Precious little of literary interest in today’s Trib, but a Dec. 11 piece on a (largely imaginary?) revival of interest in classic literature noted that Richard Howard has two new translations coming out next year: Alien Hearts by Guy de Maupassant (in the great New York Review of Books Classics series), and Flaubert’s A Sentimental Education (Modern Library).

Chicago Christmas

Wednesday, December 17th, 2003

Ben Greenman interviews George Saunders, author of the non-fiction Chicago Christmas, 1984 in this week’s New Yorker (via Maud):

Can you talk a little bit about the influence of the city, both in your writing and in your life?  

I think the main influence was the extreme Chicago version of satire. The way that all emotion was communicated through irony, punching in the ribs, insults to one’s mother, etc. And the way that all of this teasing masked deep, Eastern European levels of pathos, love for life, friend loyalty, etc. Also, I love the city itself. My dad knows the city inside out, and whenever we went anywhere he would perform these great monologues, about individual houses (”. . . this is where the Gatt brothers mounted a machine gun during the ‘68 riots . . .”), and neighborhoods (”. . . used to be Ukrainian, then it took a slight tilt toward Puerto Rican, then became totally Greek, with a smattering of Dutch . . .”), and certain historical moments (”. . . this was when the stockyards were still open, and on the way to school you smelled the blood in the air . . .”). He’s a great storyteller, and he made a novel out of Chicago for me. It is such a great, mixed, sprawling place, and it seemed, when I was a kid, to contain literally everything. Plus, it is, you know, the City of the Big-Shouldered Pigs Who Make Brass Knuckles for the World, as some poet once described it.

Just a warning: Saunders’ tale is not the kind of thing you want to read to the kiddies over glasses of eggnog. It’s, you know, that other kind of Christmas story.

New Naipaul Novel

Wednesday, December 17th, 2003

Small item in Outlook India over the weekend:

So the novel isn’t dead after all. The man who declared it dead has just put the finishing touches to his latest work of fiction. V.S. Naipaul has recently packed off his post-Nobel novel to his publishers. Is this the Other Half of Half a Life?

In case the item on “Chicago-based” poet A. K. Ramanajan also caught your eye, here’s some background on him, which includes his wonderful poem Chicago Zen.

Boulez and Poetry

Wednesday, December 17th, 2003

Why does bad poetry make such great music? We don’t know, says Pierre Boulez, though it may help to remember that bad paintings make great music too (video clip):

Pierre Boulez compares music and poetry

Boulez ended his annual visit to Chicago on Sunday with a terrific concert at the new Harris Theater in Millenium Park. The contemporary program (Varese, Carter, Webern, Birtwistle) included Carter’s A Mirror on Which to Dwell, a setting of six poems by Elizabeth Bishop.

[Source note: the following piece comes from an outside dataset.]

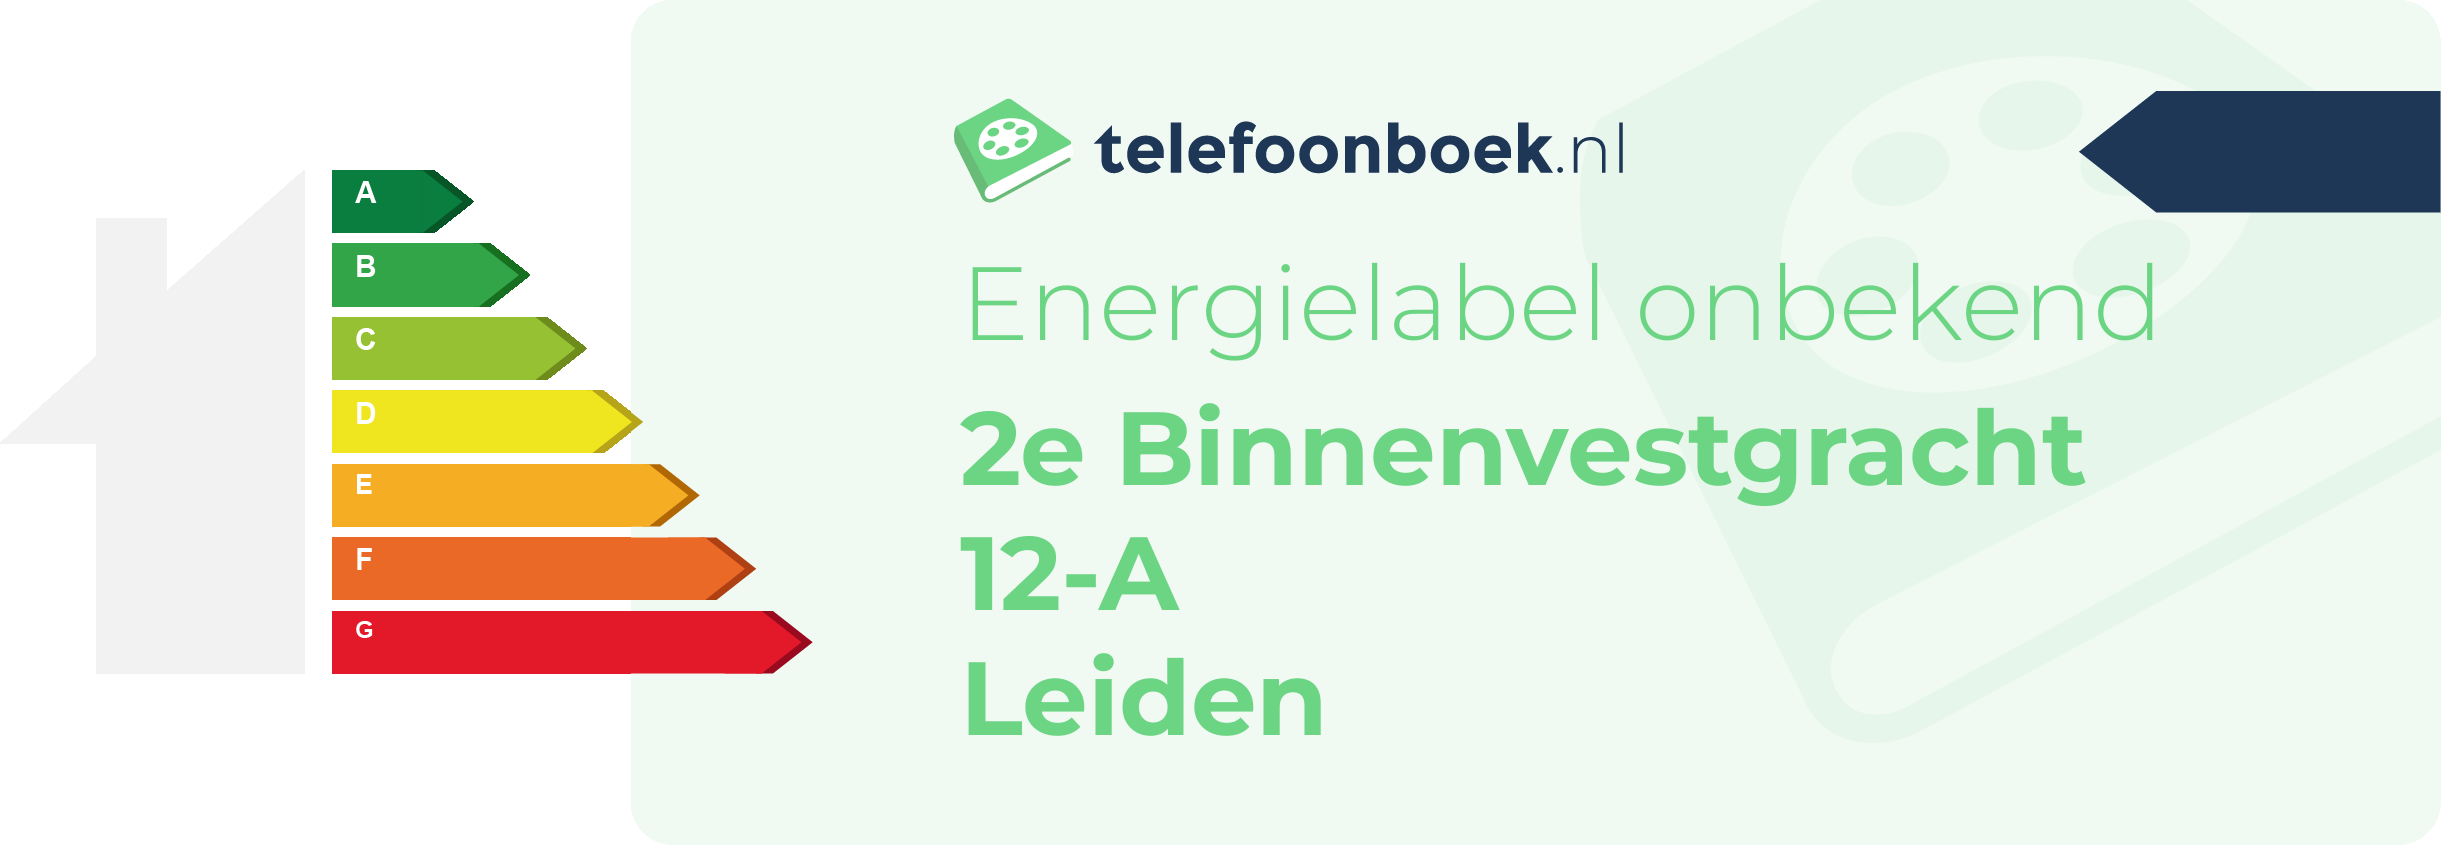 Energielabel 2e Binnenvestgracht 12-A Leiden

Have you missed Boulez again? What, AGAIN? I guess it’s your business, but I hope you’ll be able to explain it to the grandkids.

Sleep, Memory

Tuesday, December 16th, 2003

From Nabokov’s memoir, Speak, Memory:

All my life I have been a poor go-to-sleeper. People in trains, who lay their newspaper aside, fold their silly arms, and immediately, with an offensive familiarity of demeanor, start snoring, amaze me . . . Sleep is the most moronic fraternity in the world, with the heaviest dues and the crudest rituals. It is a mental torture I find debasing . . . I just can’t get used to the nightly betrayal of reason, humanity, genius.

From the story, Mademoiselle O, Chapter 5 in SM.